The next calls we made were to your grandmother, your godmother Julia Massey (winner of the Kindest Person of the Century Award), and our doula Molly Sides. (Yes, she’s also the frontwoman of Thunderpussy... how rock ‘n’ roll is that?) My loves Julia and Molly have been on this motherhood journey with me from when you were just a tiny bundle of cells, Henny. They’re family.

We tried calling a nurse because I had a fear of being sent home if I arrived at the hospital too early (in hindsight, that was a silly thought because I was about to give birth), but no one answered the phone, so we decided to call your uncle Cedric. As your dad dialed the phone, I used the restroom, and that’s when I saw it… a sea of red in the toilet bowl.
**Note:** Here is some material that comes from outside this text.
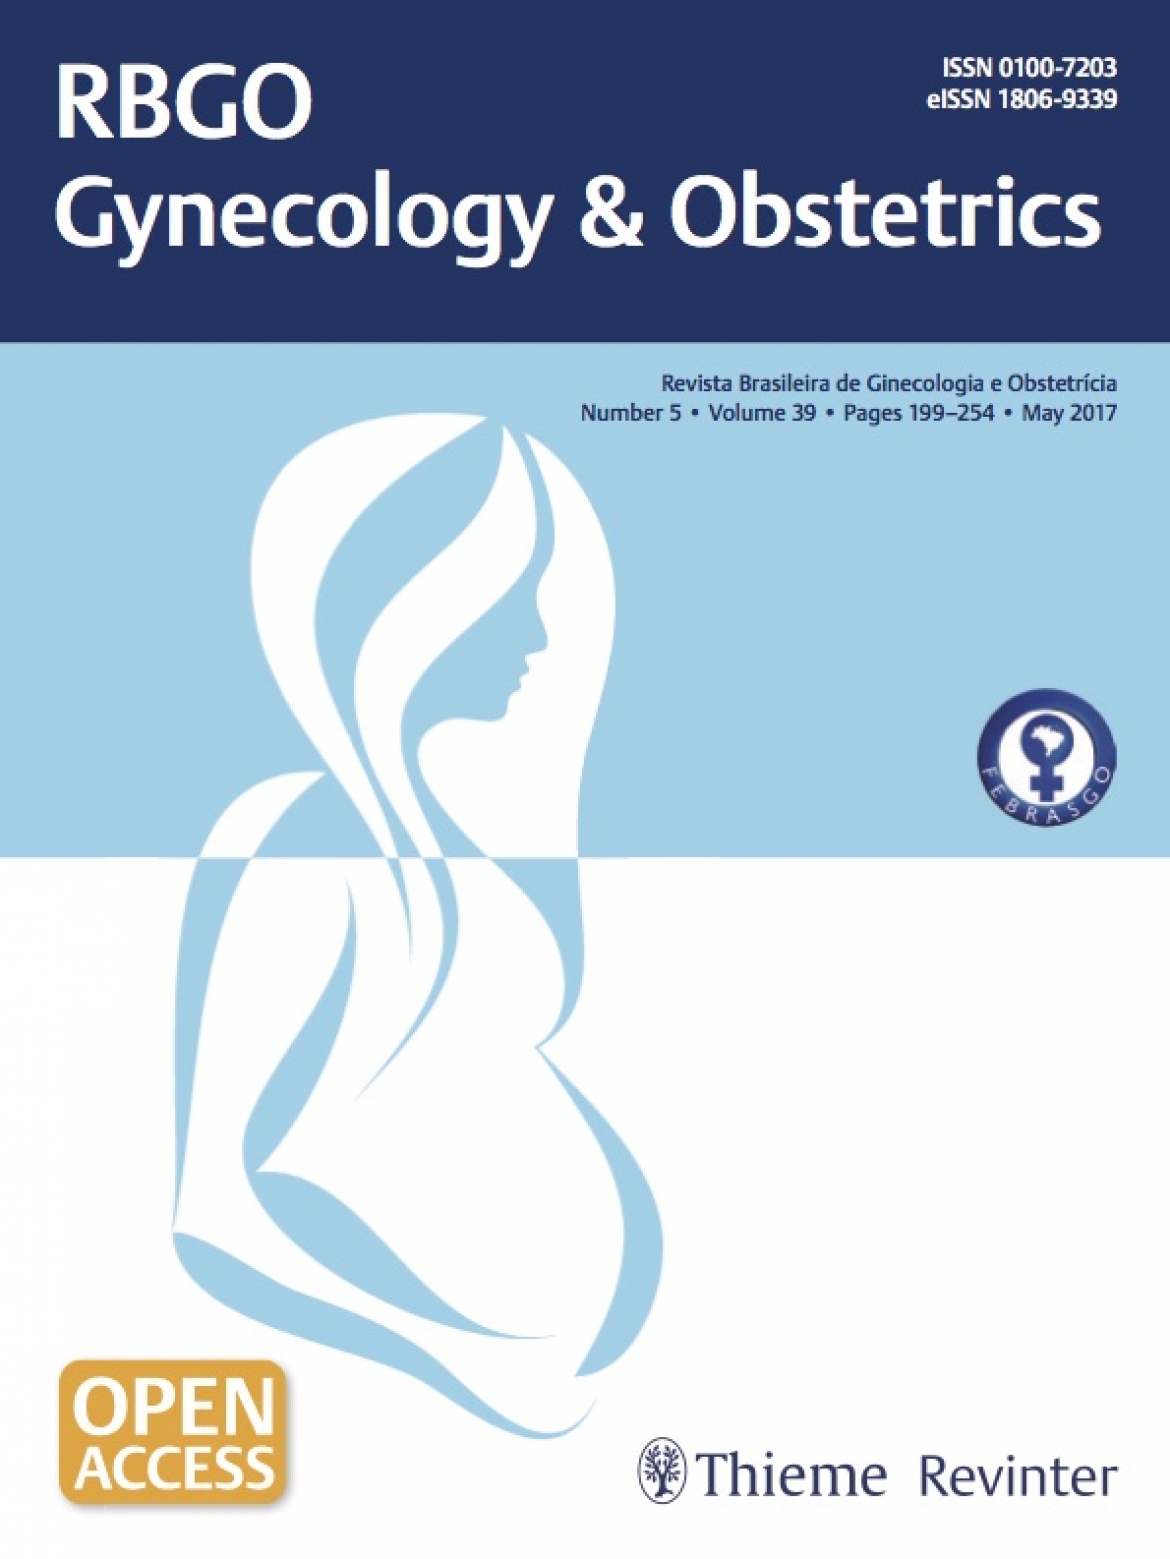 Revista Brasileira de Ginecologia e Obstetrícia – 2017 / Vol. 39 n°5

I screamed. “Oh no! No! No! Jake, there’s blood in the toilet! I think the baby is dead!” I cried like I’ve never cried before, wailing to the point of almost hyperventilation. Your dad, the calm voice of reason I need in such moments, put my face in his hands and said, “Eva, breathe. The baby is not dead, everything is fine. This is normal, everything is going to be fine. I love you, and

Your uncle quickly got to the apartment, and we hurried as fast as we could at 4 a.m. to arrive at the hospital, where they welcomed us to triage and checked how dilated I was. Now, at this point, I was in uncharted territory. This was the beginning of an experience I wasn’t sure how to handle. So, I dealt with it with humor… a lot of humor. When the nurse came in and had to put her finger in my (let’s use my favorite guitar pedal and euphemism for vagina) wah-wah, everything was so sensitive and painful that I squirmed away. This happened for far too long until another doctor came in and just fucking went for it. I squealed and yelled, “AHH WOW! Good for you, Doc!” She was a no-bullshitter, and I personally appreciated it. It turned out I was six centimeters dilated (at 10 centimeters, you’re ready to push!).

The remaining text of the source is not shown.